To measure how accurately this ANN matched the whole input dataset (each set of MR modalities for all voxels) with the entire outcome set (each voxel in all 3-month T2WI studies), as shown in Figure 2-A, the ANN's CCF which is the ratio of the accumulated number of voxels successfully classified by the ANN, divided by the number of all voxels shown to the ANN at specific epoch was generated at different levels of epochs during the leave-one-out validation procedure.
True-Positive-Fraction (TPF), sensitivity, is the fraction of voxels that actually are lesion and are correctly predicted as lesion. True-Negative-Fraction (TNF), specificity, is the fraction of voxels that actually are normal and are correctly predicted as normal. False-Positive-Fraction (FPF) is equal to (1-specificity) and is considered as the confidence level (CL). Thus at each confidence level (1-specificity), the AUROC is proportional to the TPF which is proportional to the Correct Classification Fraction Each , . The Area Under the Correct Classification Fraction (AUCCF), which is proportional to the AUROC (Az) value, was used as an index to compare the ANN's performance, to determine the optimal architecture of the ANN, and to find the ANN termination error , . True-Positive-Fraction (TPF), sensitivity, is the fraction of voxels that actually are lesion and are correctly predicted as lesion.
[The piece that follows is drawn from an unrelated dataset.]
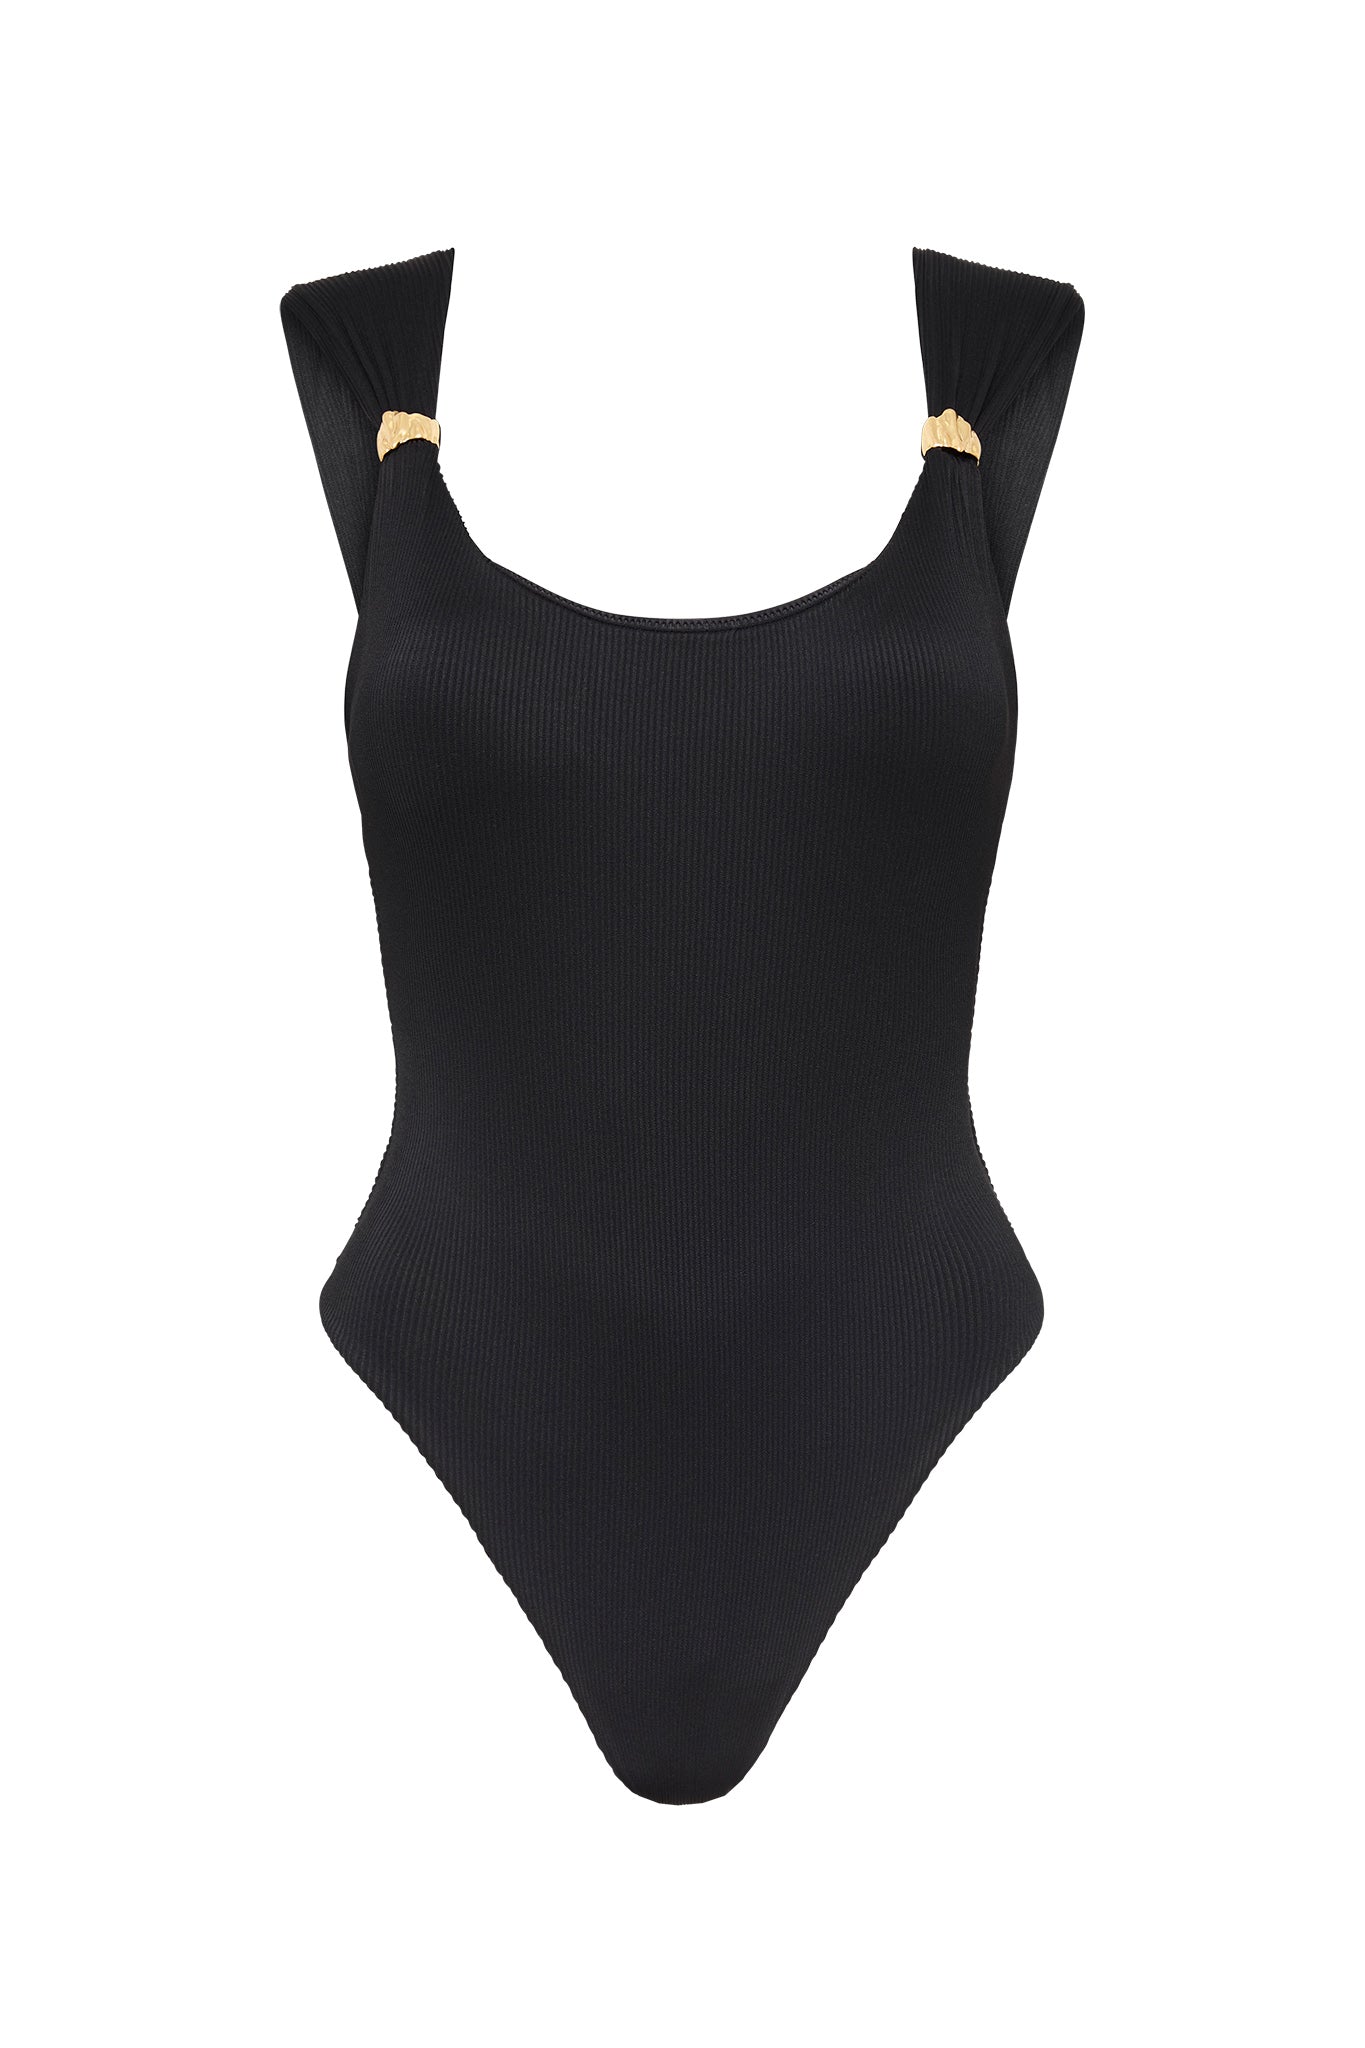 AMOROUS Black One-Piece Swimsuit  Square Neckline & Slim Straps
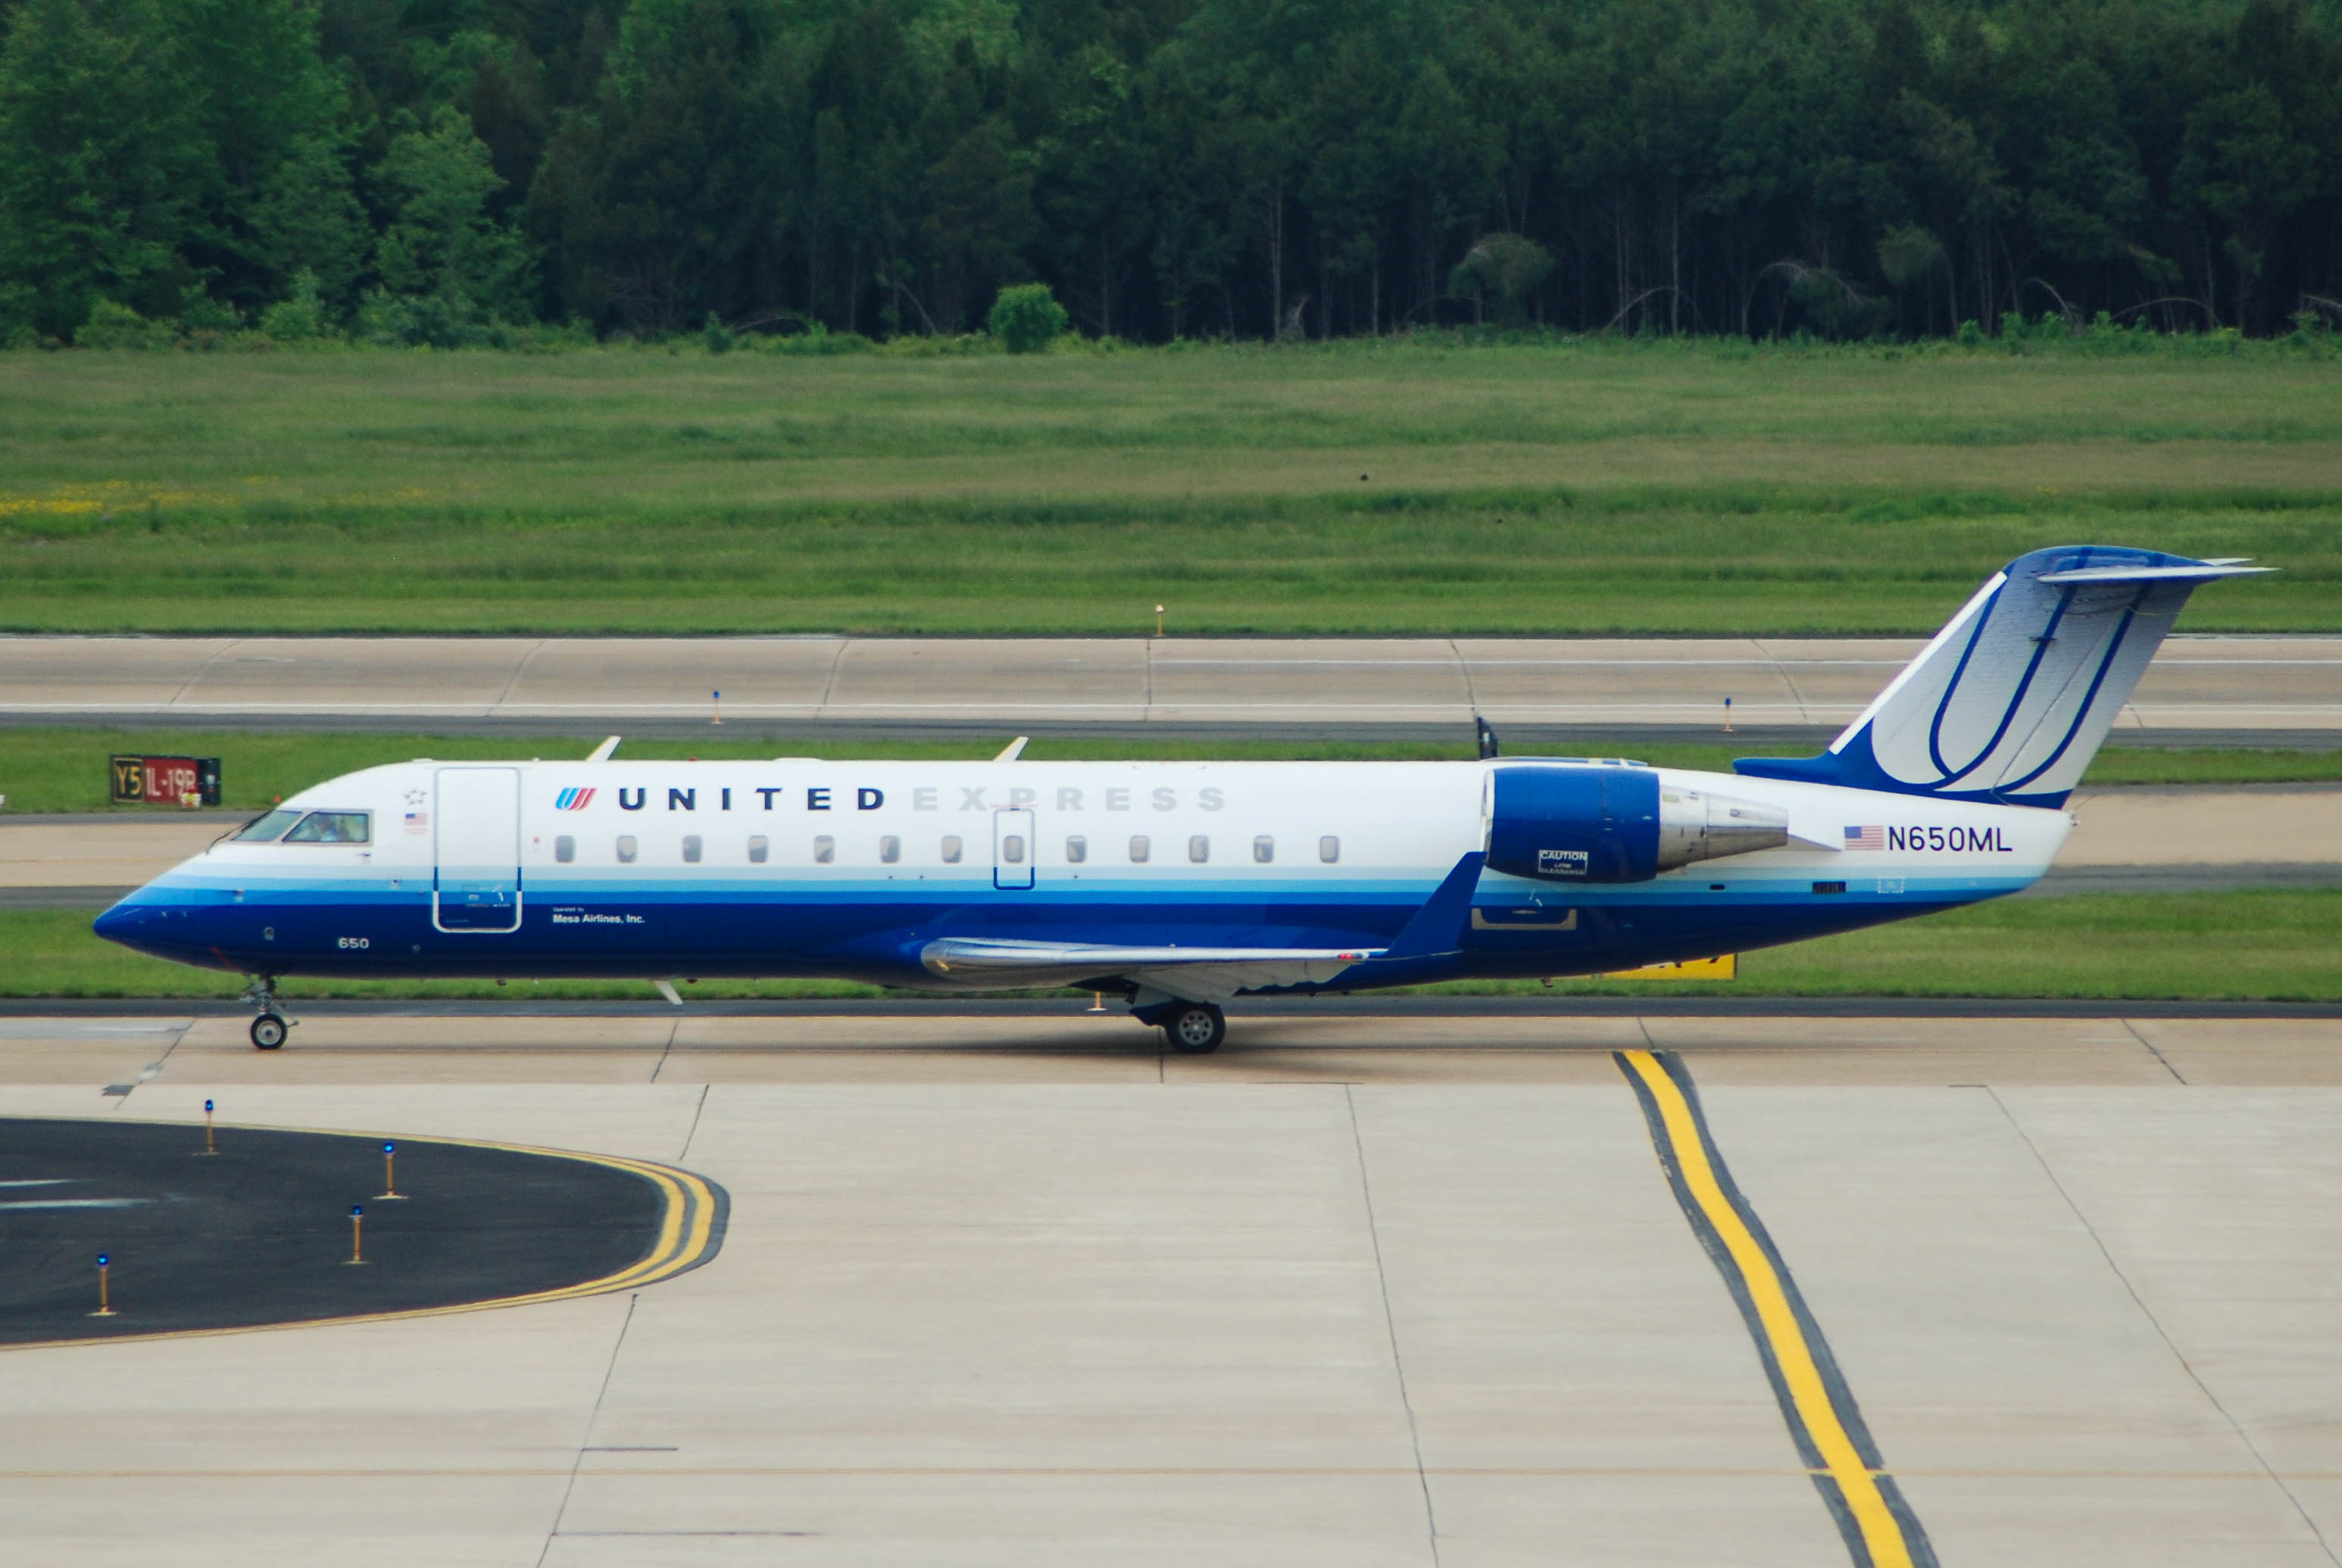 N650ML/N650ML United Express Bombardier CRJ-200 Airframe Information - AVSpotters.com

KFCV (leave-one-out) set was trained until its error was below a defined termination error (i.e., the point at which the training procedure was stopped). The termination error was set by determining the error at the 10% point of the CCF's plateau.
The number of hidden layer nodes may affect the performance of the ANN classifier , . Since the ANN could not be trained by less than 3 neurons in its first hidden layer, layer and node optimization were done by maximizing the AUCCF value for its second hidden layer as a function of the number of nodes.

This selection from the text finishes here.